Each BRIDJIT section is 4 feet and weighs about 50 pounds (conveniently over my lift limit)

Installing the BRIDJIT ramp is pretty easy, especially if you're pregnant and have a strong spouse who volunteers to do it.

Made out of recycled tires, the ramps have just enough flex to accommodate the curve in our driveway.

The ramps get assembled upside down using galvanized bolts (included) to connect the sections together. Once you've attached all the sections you flip the ramp over and position it in the gutter. The weight of the ramp holds it in place so it doesn't have to be bolted down to the curb. We were worried it would move around and slip down the curb but so far we've driven over it many times and it has stayed in place.

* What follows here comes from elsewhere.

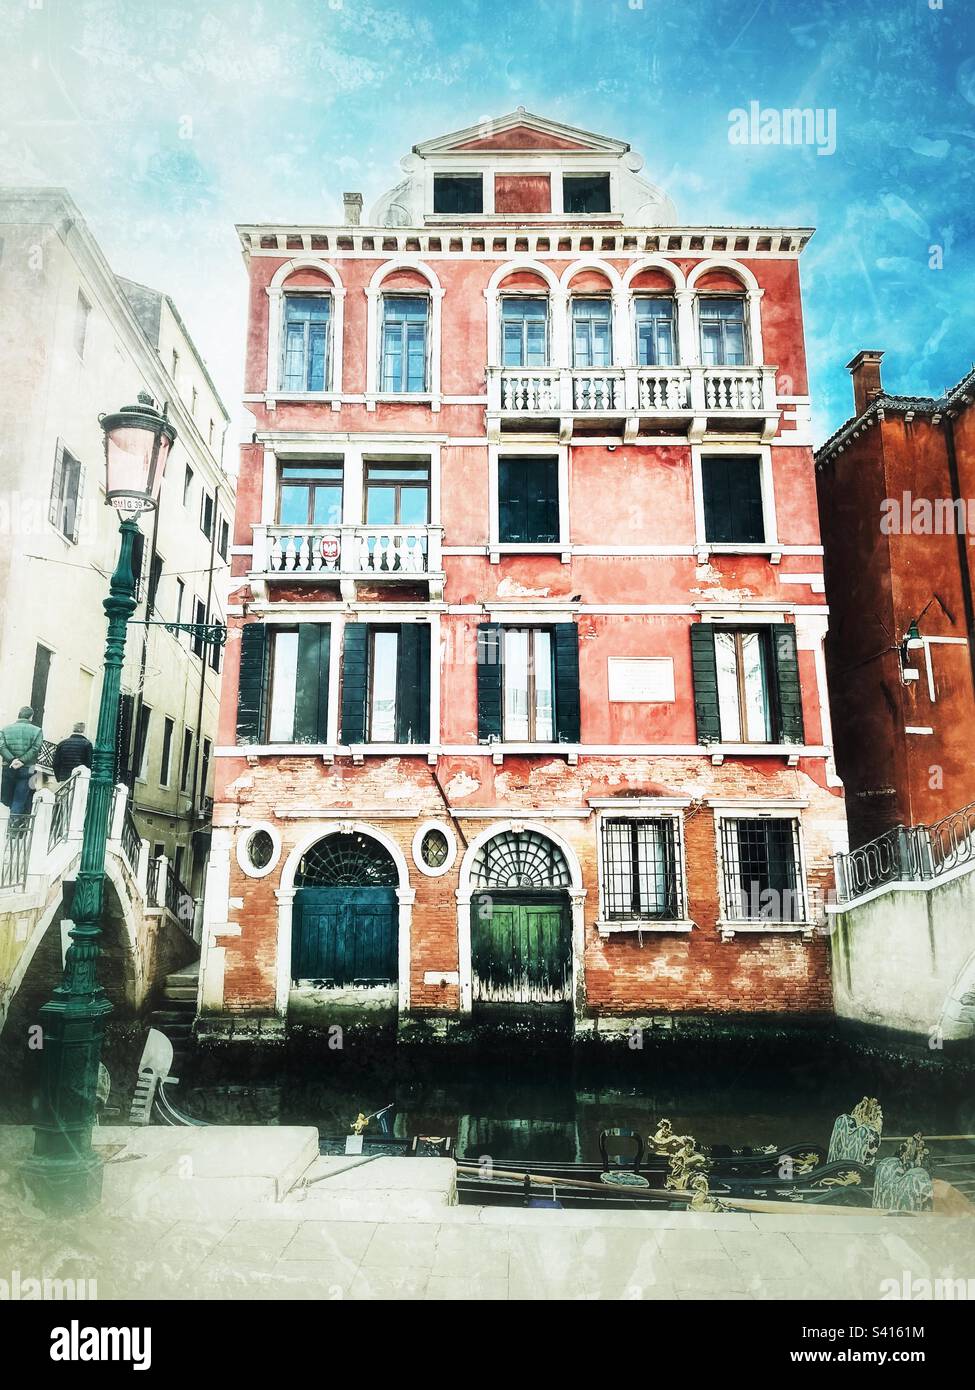 Historischer Palast in Venedig mit blauen und grünen Türen und einer kunstvoll verzierten Gondel vor dem engen Kanal. Bearbeitung in Not. Stockfoto
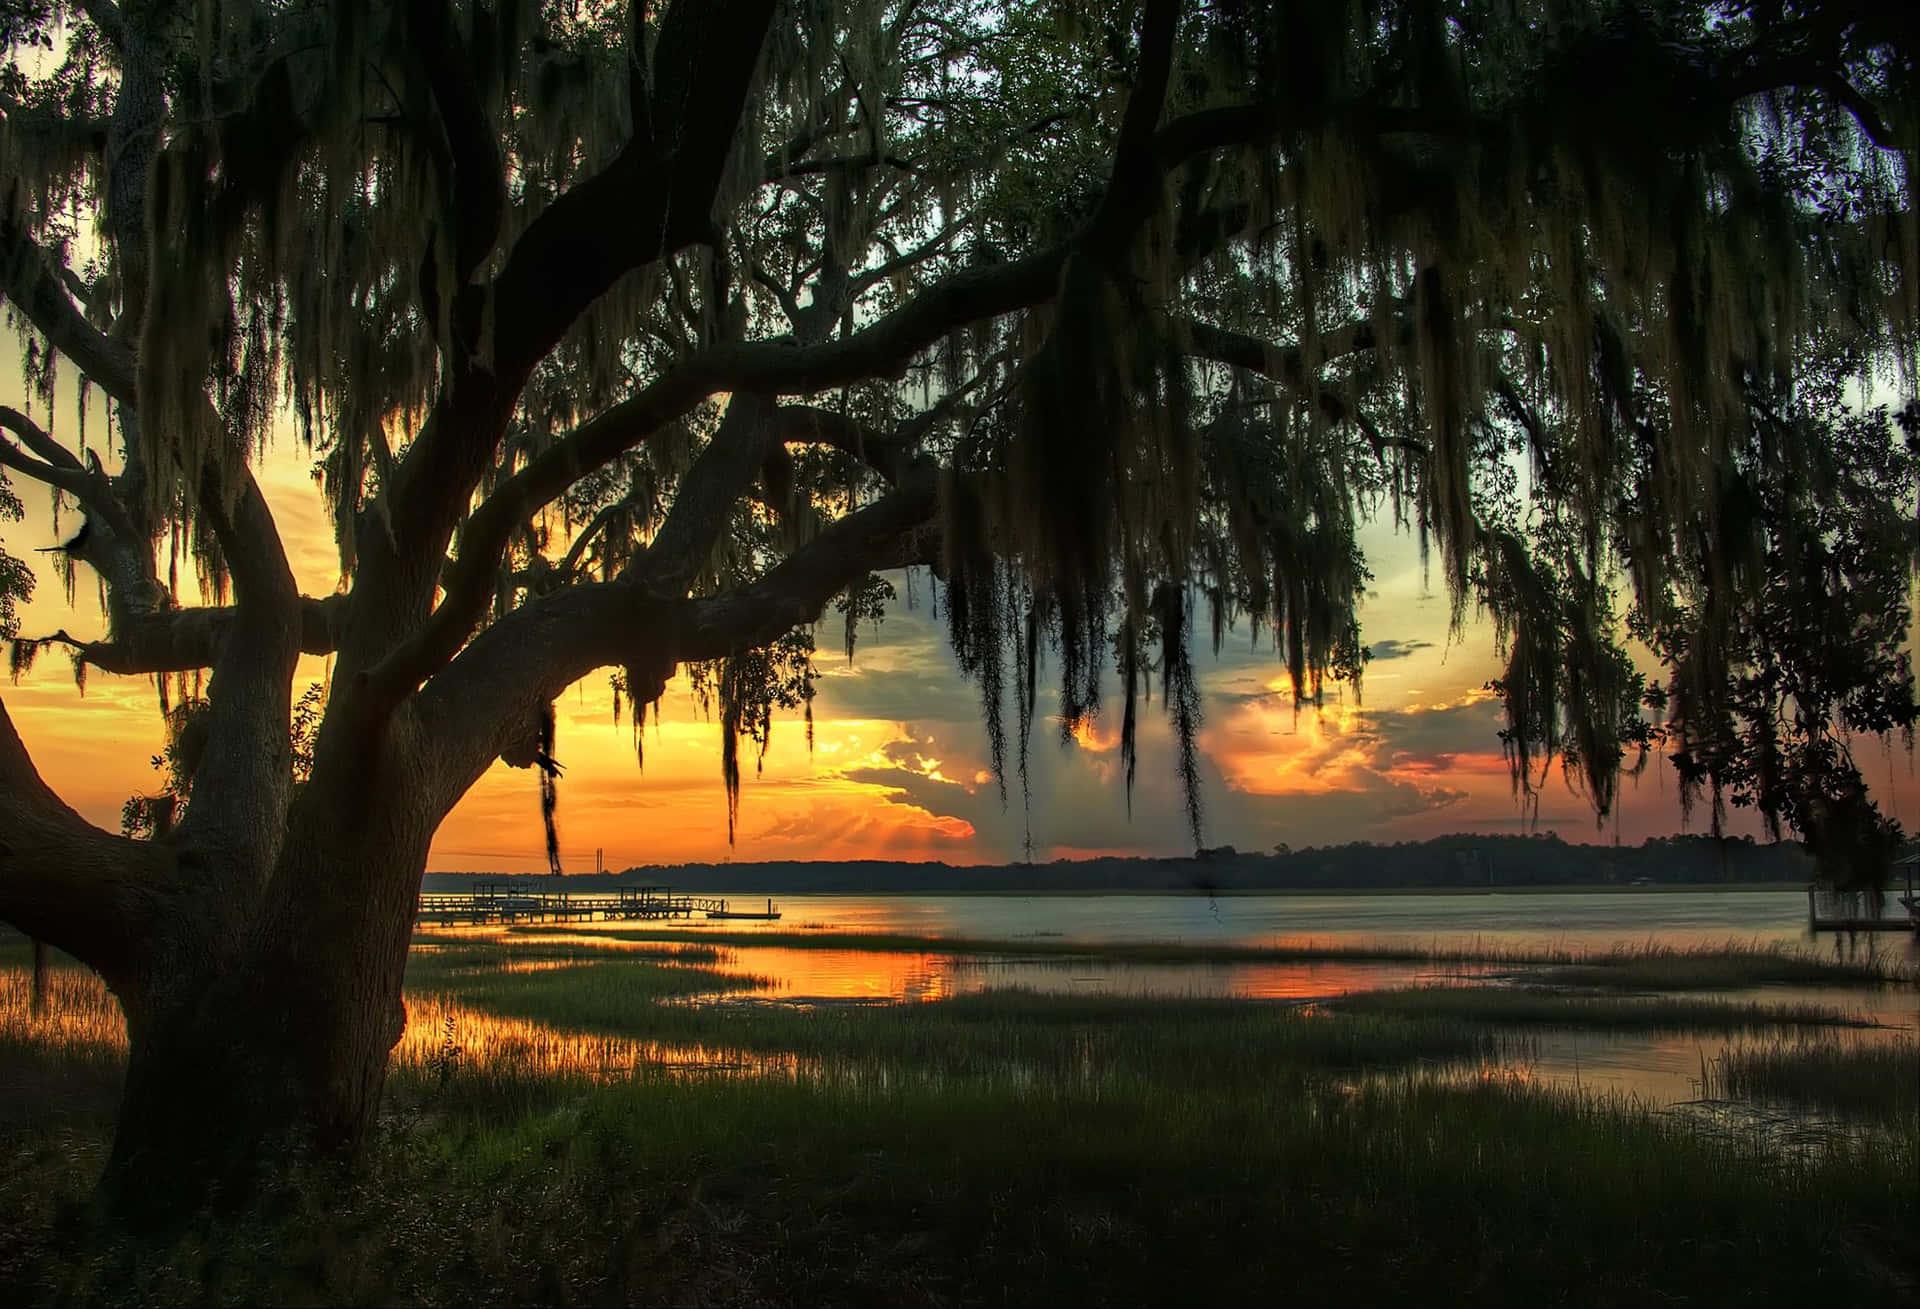 The sun sets over Savannah, Georgia

Bolts connect the sections and a 2.5" groove allows water to flow underneath. 

As you can see from the photos, leaves and debris do collect under and around the ramp but it's easy enough to lift and clean if you have two people (one to lift a section while the other cleans, or two people to flip the entire ramp out of place). It's a small price to pay for Fahrvergn├╝gen.

Thumbs up for good ol' American innovation. Our new BRIDJIT ramp kept 24 old tires out of a landfill.

The best part is that BRIDJIT ramps are made in the USA out of scrap tires that would otherwise be piling up in a landfill. Woot! Everyone wins. Okay, now for the bad news...

Complying with City Codes  
Unfortunately, none of these driveway aprons–concrete, steel or BRIDJIT ramps conform to Palo Alto's building standards. Technically, before you mess with the city's curbs you are required to apply for a permit and have a licensed contractor do the work in accordance with city codes. I spoke to a very nice City of Palo Alto Public Works Engineer who acknowledged that most homeowners have modified their driveway aprons without a permit. The city's main concern is drainage, so if they find your driveway ramp is causing any drainage or safety issues they can pull it out without warning or permission from the homeowner. So while he didn't officially bless our rubber ramp, he did concede that it's lower risk since they are less permanent and can be moved easily.

So if you're a stickler for the law or don't want to invest in a solution that your city might rip out, here's what I recommend:

1. Call your city's Public Works Department and inquire about the requirements for your neighborhood. Most cities will not officially refer you to contractors but you can ask them to give you the names of the last dozen or so contractors to be issued Street Work Permits as a place to start.

Here's the contact info for Palo Alto, they were quite friendly and helpful:

Palo Alto Public Works Department
250 Hamilton Avenue, Palo Alto, CA 94301
Phone: 650-329-2151

2.  Before you pay for it yourself, find out if there are any capital improvement projects scheduled for your street. Periodically, cities invest in sidewalk projects which include things like fixing damaged sidewalks, tripping hazards, replacing curb ramps to make them ADA compliant, and easing gutters. In our case, our street is in the queue to be worked on in the Winter of 2014. I spoke to the engineer in charge who informed me that they intend to replace all of our driveway approaches at no cost to the homeowners. Woohoo! So if anyone needs some gently used BRIDJIT curb ramps next year, let me know...

The Modified Type B Curb
For those of you who are interested, here's the only Palo Alto-approved driveway apron design for our street.  [NOTE: Not every street has the same requirements so this does not necessarily apply to all streets in Palo Alto.] The design is fairly cost prohibitive given it involves ripping out the sidewalk along the driveway frontage and a $460 street work permit. One of our neighbors got an estimate of $3200 to do the work. *Ouch.* She ended up opting for the BRIDJIT curb ramps too.

Palo Alto's "Modified Type B Curb" spec. Looking at it makes my head hurt.